Watch the CBS Reports documentary “Welcome to the Metaverse” in the video player above. It will premiere Sunday, March 27 at 8 p.m., 11 p.m. and 2 a.m. ET on CBS News streaming.
has recently become a buzzword in the tech world and beyond. It represents a further migration from the real world to a digital reality and it is also a place where users can own their virtual assets thanks to the blockchain. Blockchain, the underlying technology of cryptocurrency, is a digital ledger that records transactions and securely tracks digital assets.
In the Metaverse, these assets can include digital art, video game characters, and even parcels of virtual land that have skyrocketed in value over the past year. In November 2021, a plot of land in the virtual world Decentraland was sold for $2.4 million.
Some early adopters of the metaverse are making real-life fortunes in the virtual world—although it’s not without it.
Kevin “KevinOnEarth” Clark
Kevin Clark says he was first drawn to the metaverse after feeling cut off from the world during the COVID-19 pandemic. Clark used the Metaverse to reconnect with humans and go to virtual events while much of the real world was shut down.
“That was kind of the moment I realized that something that was being taken from us could be made available through the metaverse,” he said.
Clark first bought land in Decentraland for $700 in late 2020. Today he says it could sell for over $20,000. Clark used his land to build a Metaverse news channel. His show The Decentraland Report is streamed live on Twitch. Its goal is to tell the stories of the early adopters of the metaverse and to document the history of Decentraland.
“I said I’m the Decentraland reporter here on the ground,” says Clark. “I would show up somewhere, start interviewing people and just ask them, ‘Why are you here? What was your inspiration?’ And from there, just people in the community were like, ‘I want my story to be told.’”
The digital assets that make up the metaverse are stored as. Each NFT is a completely unique digital asset – unlike Bitcoin, which is interchangeable. An NFT can take the form of packages of virtual land, music, or digital art.
Jaiden Stipp, 15, started making art in July 2020. His fully digital work was inspired by Nintendo and video games like Kirby. In February 2021, less than a year after launch, he decided to “imprint” one of his pieces – turning a digital file into an NFT.
“At the time, I didn’t even know what an NFT was,” he recalls. “I just coined it because I thought it was cool, you know.”
Stipp hoped his piece could sell for $50, but within two days bidding was in the hundreds. His piece then caught the attention of FEWOCiOUS, one of the most popular artists in the NFT world. FEWOCiOUS made a public bid for Stipp’s work, causing the price to skyrocket. Eventually it was sold for 20 Ethereum – worth over $30,000 at the time. Stipp minted four more pieces this week, with each NFT selling for more than $30,000.
“I have no idea how much money I made last year, all I know is that it’s definitely over a million in sales,” says Stipp.
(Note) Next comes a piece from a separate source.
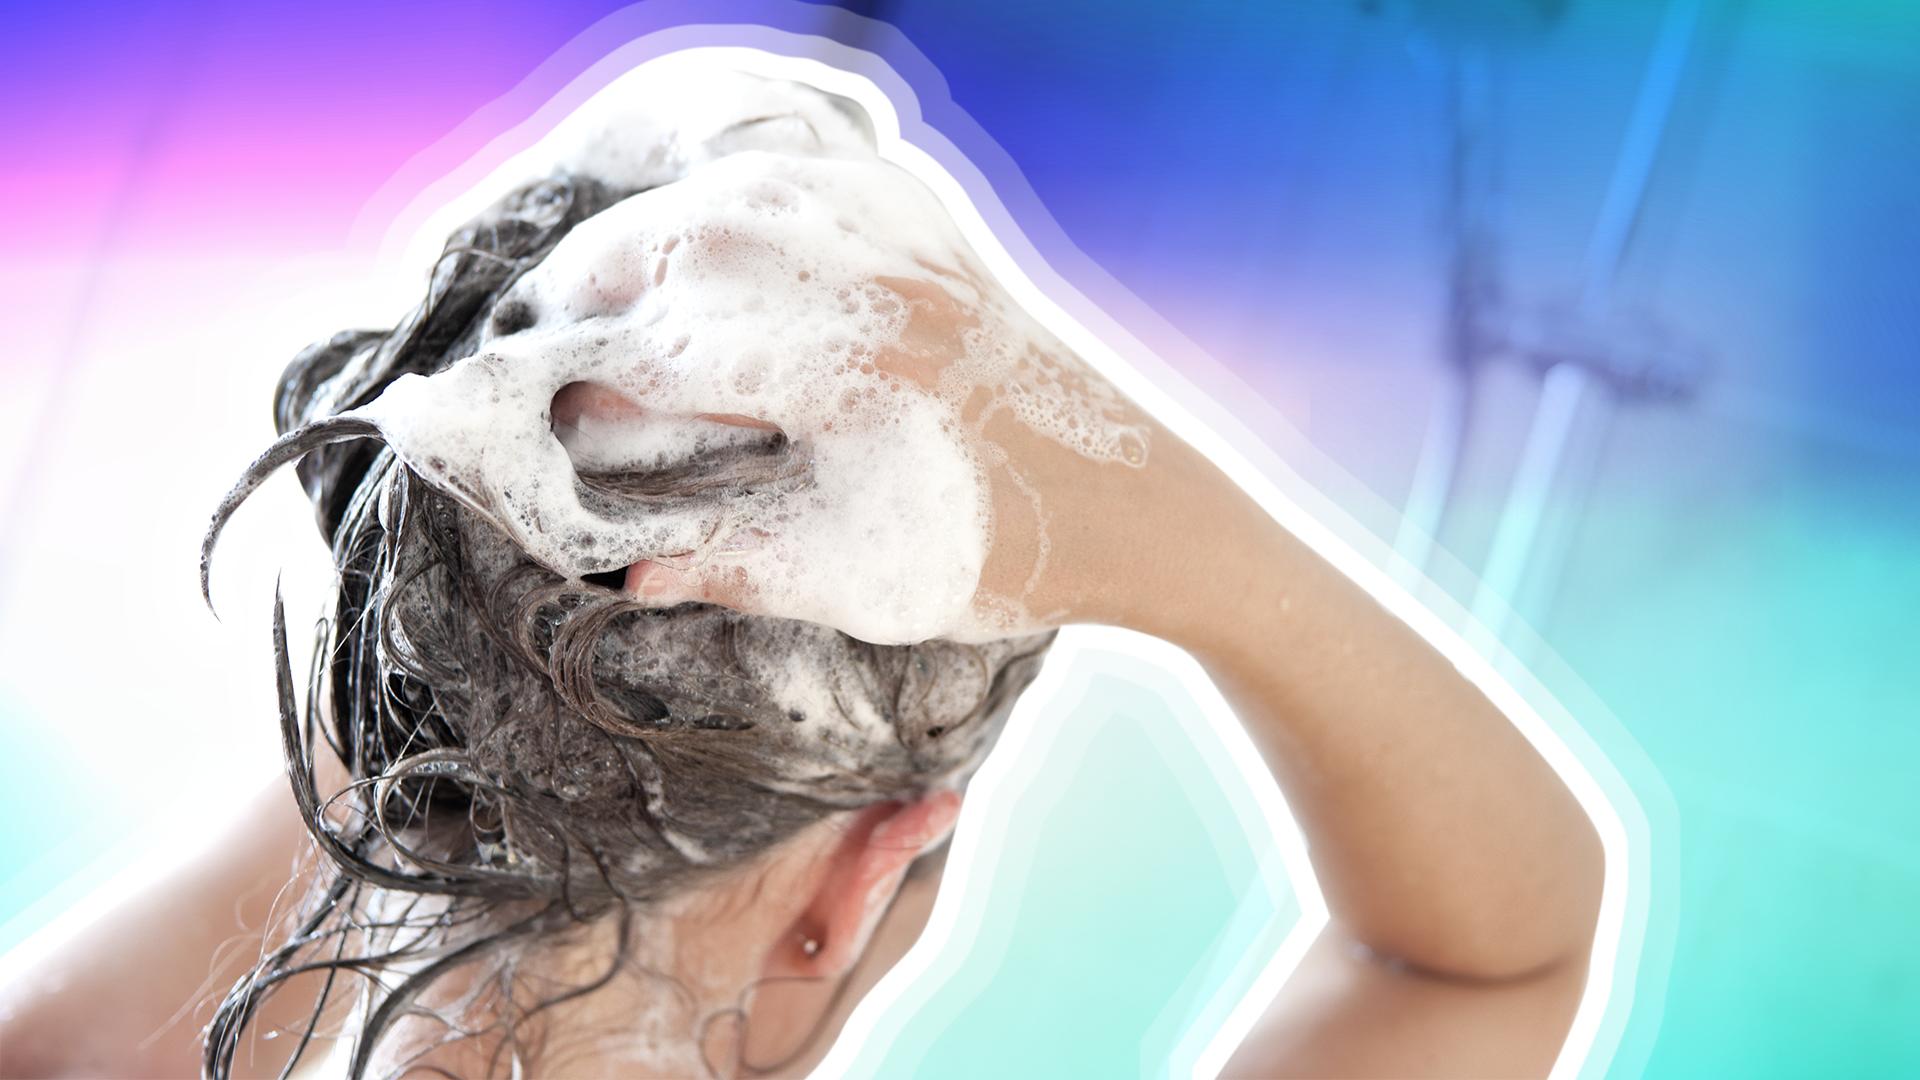 How Often Should I Wash My Hair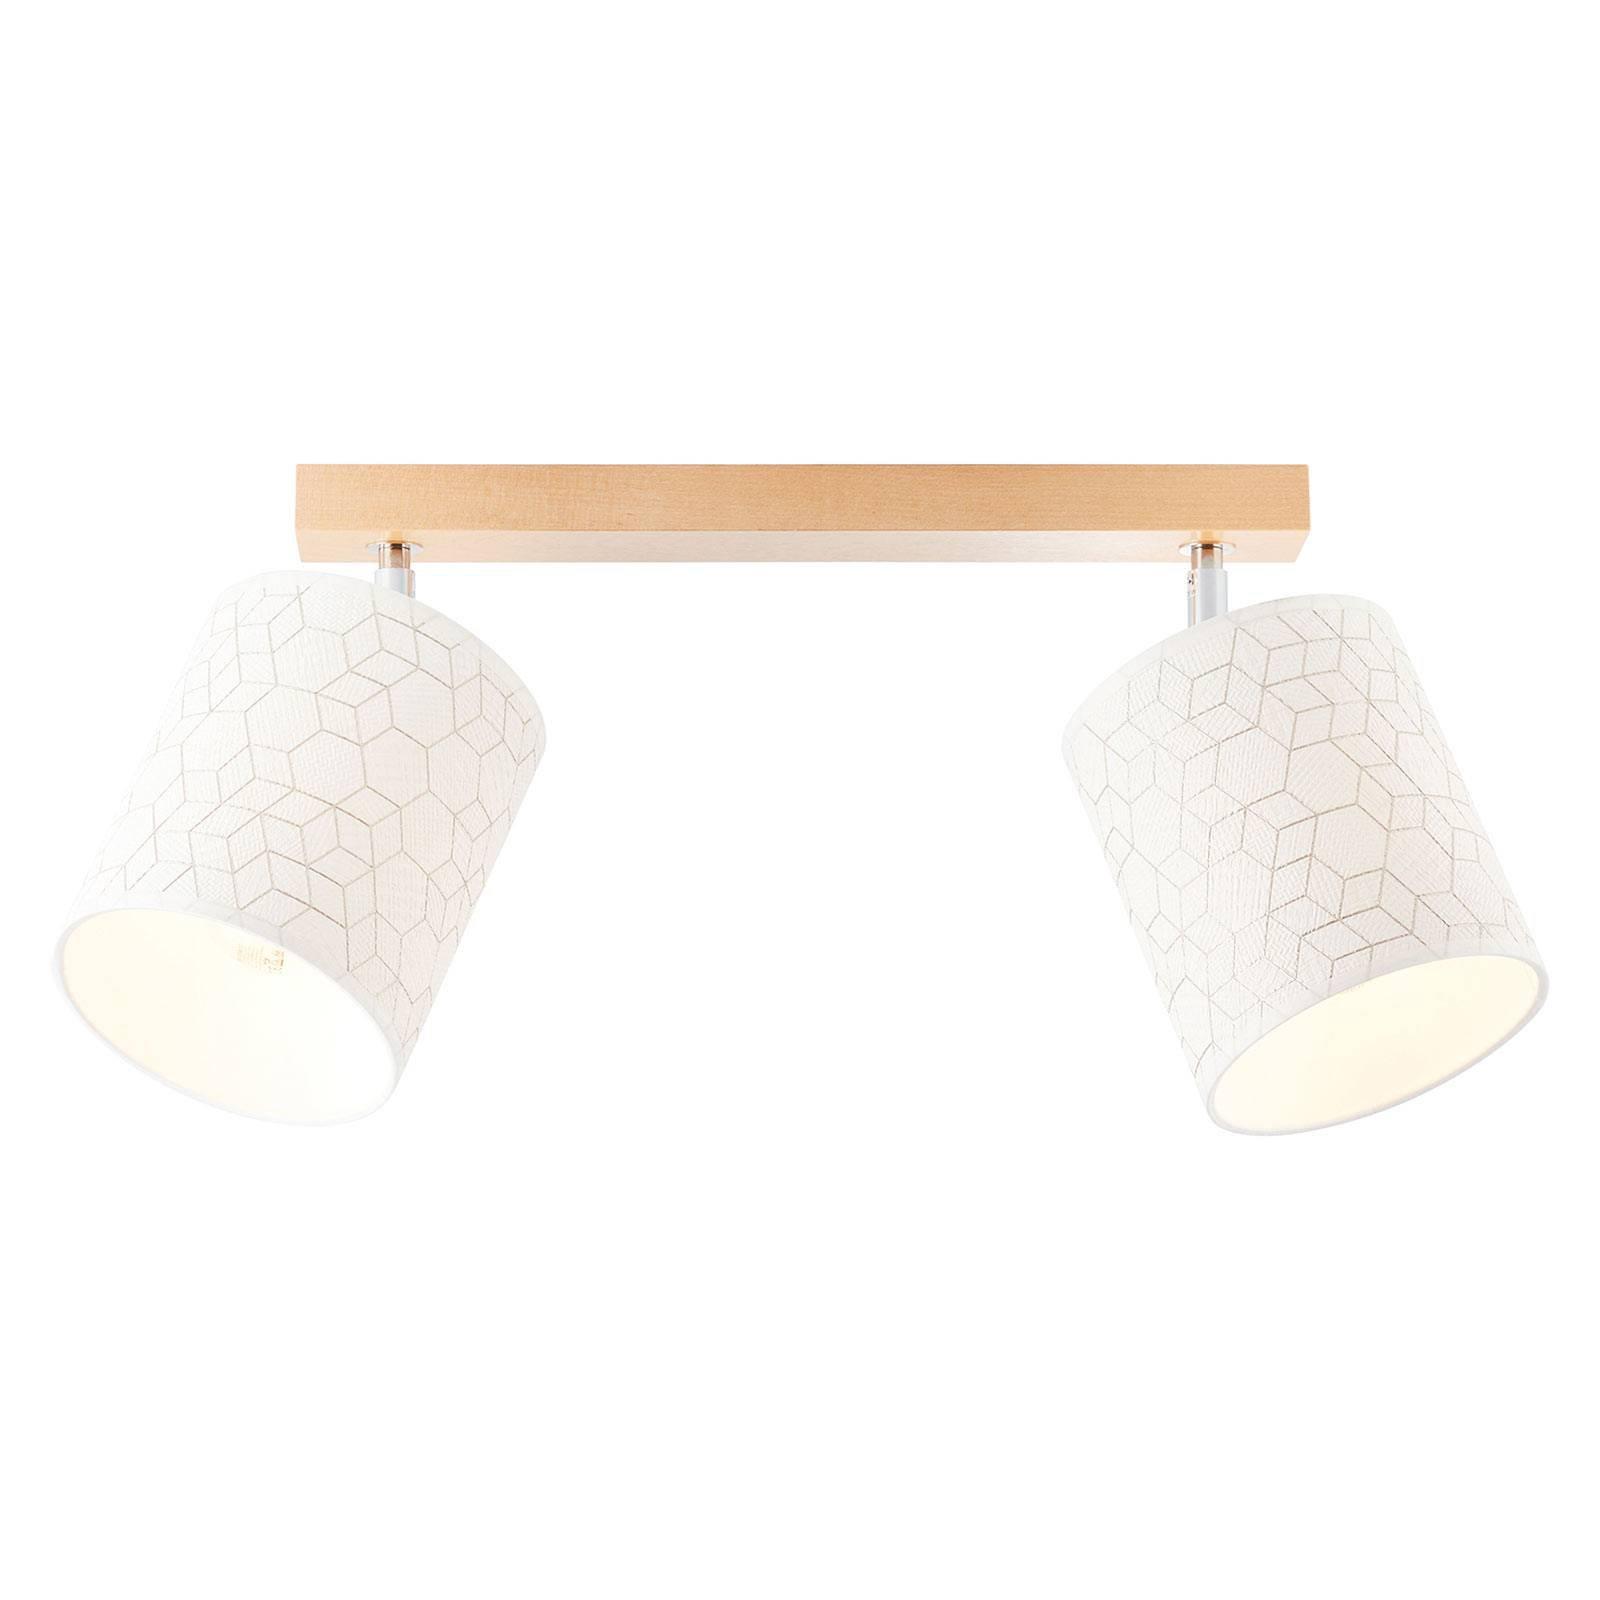 Taklampe Galance, hvit, 2 lyskilder

After growing up in Kenya, Brenda Gentry worked as a mortgage underwriter for USAA for more than a decade. She says she loved working there but wanted more than the traditional 9-to-5 job.
“A friend of mine at the bank retired last year,” Gentry said. “And she kept saying, ‘Hey girl, just go ahead, you’ve got 20 years to go.’ When she said that, I think it made me sad.”
Gentry’s daughter Cynthia studied computer science in college and became interested in blockchain technology.
“My daughter goes to college and says, ‘I don’t like computer science, Mom. I don’t like computers,’” Gentry said. “We are now talking about a different technology. We’re talking about blockchain. And it turned into a conversation where she got excited every time she talked about it.”
She followed her daughter into the world of digital assets, buying cryptocurrencies and NFTs and building a following on social media under the name “Cryptomom”.
Gentry soon became involved in consulting forProducts — Web3 is that next phase of the Internet, including innovations such as NFTs and cryptocurrency – and advising NFT developers on product launches. After 15 years in banking, Brenda was able to quit her job and start Gentry Media Productions, an NFT marketing company, with her daughters.
“Before I got into crypto, I was making about $4,000 a month,” says Gentry. “[Now on] I’m doing fine on the investing side – where I’m doing roughly seven figures here. But yes, I’m fine. I’ll just say that.”